Floyd family members, protesters and countless others online were disappointed by the sentence. And while some cheered, others cursed in disgust, wondering whether the sentence was long enough. "Just because it's the most time doesn't mean it's enough time," said Minneapolis protest leader Nekima Levy Armstrong.

Floyd's nephew Brandon Williams said the sentence was insufficient, "when you think about George being murdered, in cold blood with a knee on his neck for 9 minutes and 29 seconds execution-style in broad daylight." LaTonya Floyd, George Floyd's sister, said of the punishment: "That's nothing. That's nothing. He should have got the max, period."

Twitter users seem to concur. Over the last few hours, the phrase "Not enough" has become a trending topic on the microblogging platform, with many railing against the situation.

"The man stood on another man’s neck in full view of witnesses for nine minutes, killing him. Is there a reason why he didn’t get the max 40 years?" read one outraged post.

"Sickening that Derek Chauvin, a white cop who’s shown no remorse, gets 22.5 years but may only serve 15 years with good behavior for murdering George Floyd - while Willie Simmons, a Black Army vet, is serving a life sentence without the possibility of parole for stealing $9," countered another.

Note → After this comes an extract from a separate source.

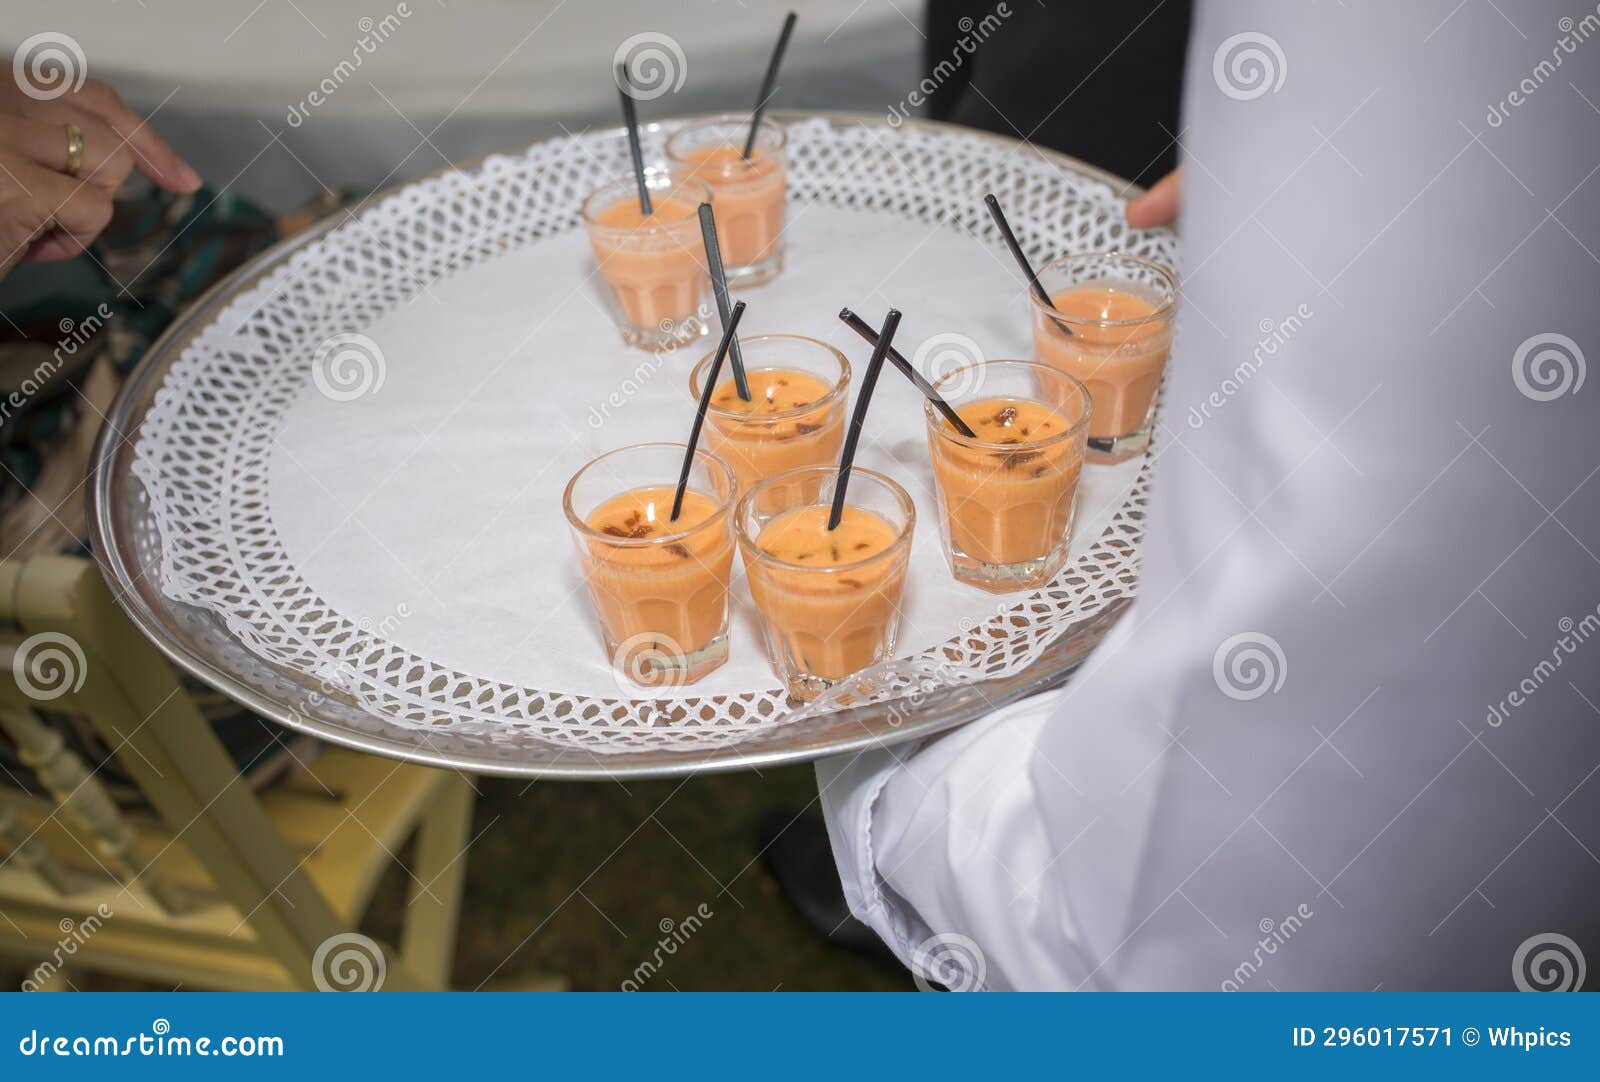 waiter offering gazpacho and salmorejo shots

But even amid the outcry, many acknowledged that while this might seem inadequate, it is also a rather rare occurrence. Till date, the list of cases wherein officers accused of brutality or other misconduct against Black people have gone to trial and been sentenced remains rather short. The list of acquittals and mistrials, in contrast, is far longer.

"22.5 years To Derek Chauvin some people will say not enough some will say too much. I however say this is the start of actual accountability. Let’s ride on that wave for a while," summed up one user.